Simplifydigital Ltd.
- Company type: Private
- Industry: Retailing
- Founder: Charlie Ponsonby, Lawrence Bleach
- Headquarters: Hammersmith, London
- Area served: UK
- Products: Broadband, Mobile broadband, Digital TV, Home Phone
- Website: www.dixonscarphone.com

= Simplifydigital =

Private company based in the United Kingdom

Simplifydigital was founded in 2007 by two ex-Sky senior sales and marketing executives, Charlie Ponsonby and Lawrence Bleach. It owns and operates the UK's largest and fastest growing "triple play" (TV, broadband, home phone) comparison sales platform. The platform is used by Simplifydigital's own branded business and by a number of blue chip retail clients who want to offer broadband switching to their customers. These include: Barclays, Currys, Sainsbury, and Compare the Market.

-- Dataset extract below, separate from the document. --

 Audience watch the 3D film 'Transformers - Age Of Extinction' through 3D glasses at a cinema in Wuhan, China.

Simplifydigital expanded into the wider home services market in the UK and launched an energy switching app called Voltz, available on Android and iOS, in late 2015. The app allows users to switch energy providers using their mobile. Simplifydigital also planned to launch mobile phone comparison in 2016.

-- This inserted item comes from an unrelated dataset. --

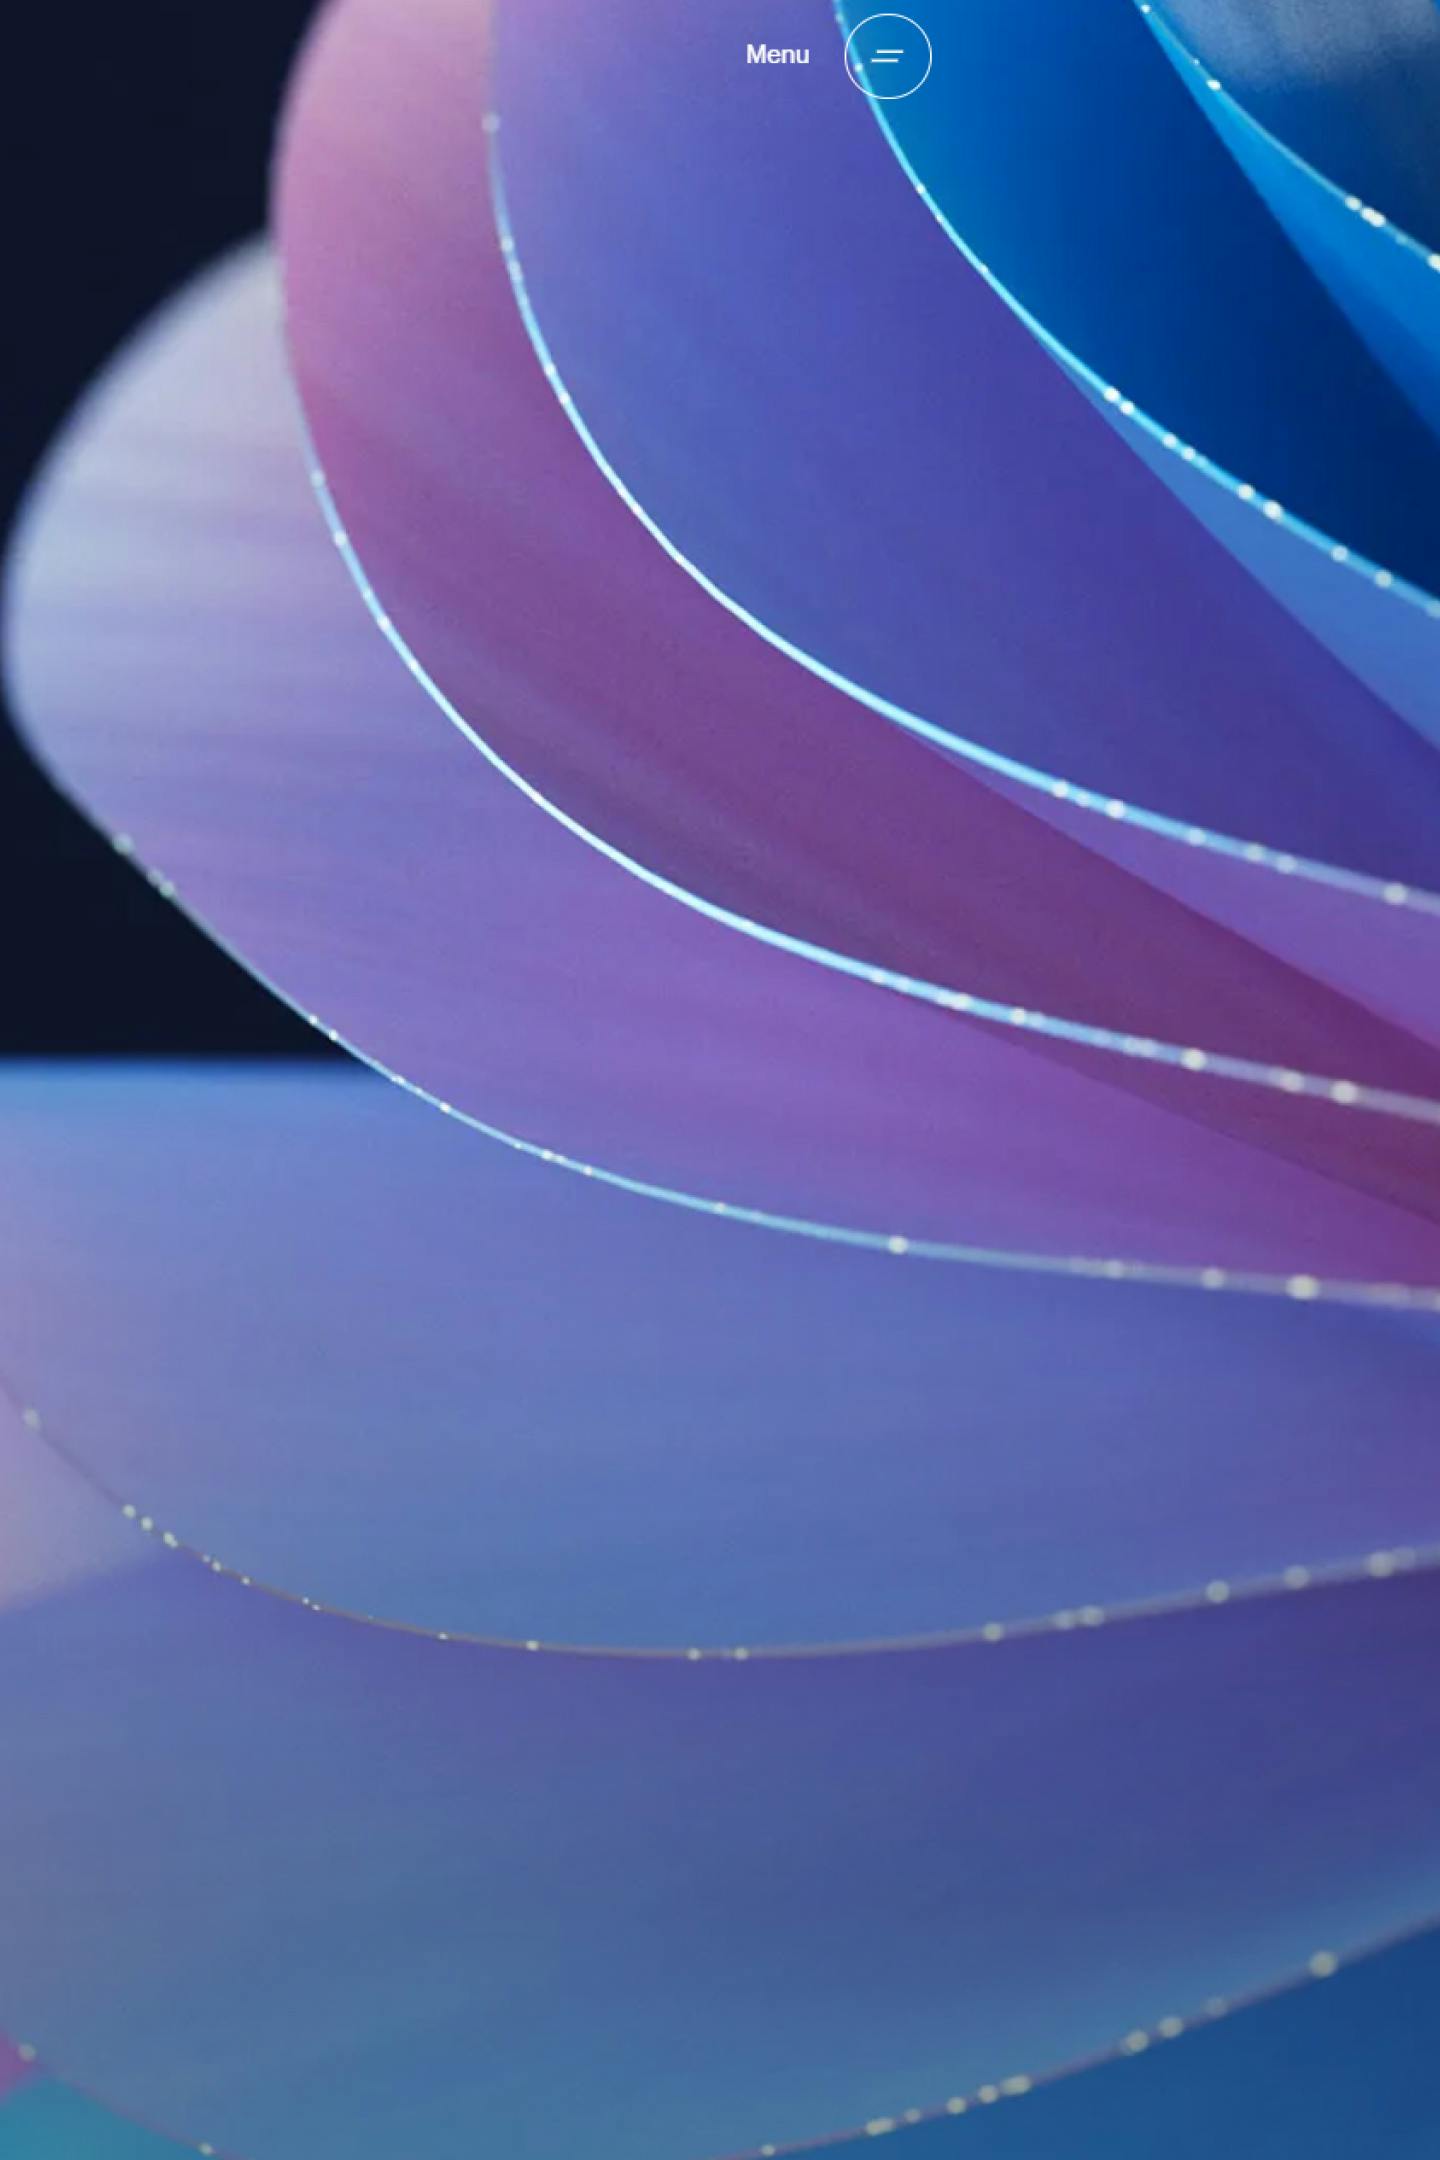 IMage of an abstract set of curved shapes layered vertically with smooth curves in different gradient colours of purple

Simplifydigital started Simplify Digital Web Services (SDWS) in 2010, to offer sales and retention SaaS to global TV, broadband, home phone and mobile telco companies faced with increasing pressures to attract and retain customers. SDWS works with TalkTalk, EE, Webhelp and others to provide software "plug-ins" to legacy CRM systems, to help contact centre agents sell and retain customers.

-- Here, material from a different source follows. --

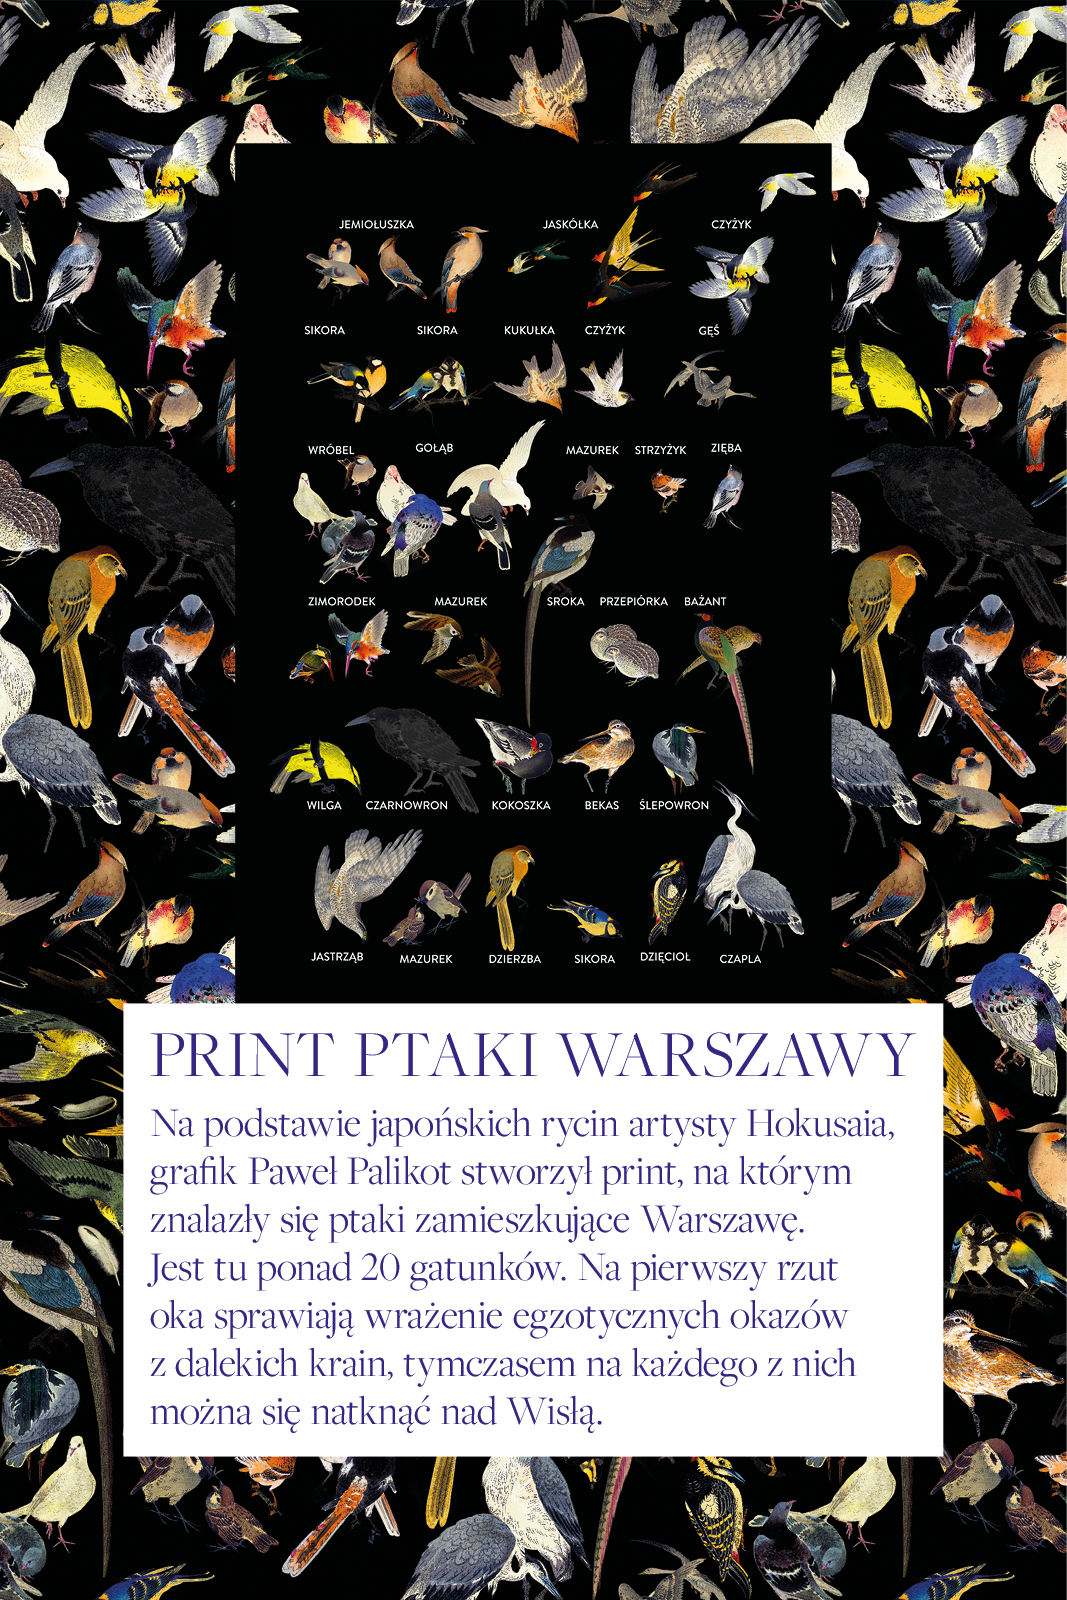 LIFE'S A STAGE birds of Warsaw print

Simplifydigital has received wide recognition for its rapid growth and has been named in the Sunday Times Tech Track 100 and Deloitte Fast 50 in 2013, 2014 and 2015; the GP Bullhound Media Momentum Awards in 2013; the Red Herring Top 100 Europe and Global Top 100 in 2014; and named in the list of 1000 Companies to Inspire Britain in 2015.

In 2016, Simplifydigital was acquired by Dixons Carphone.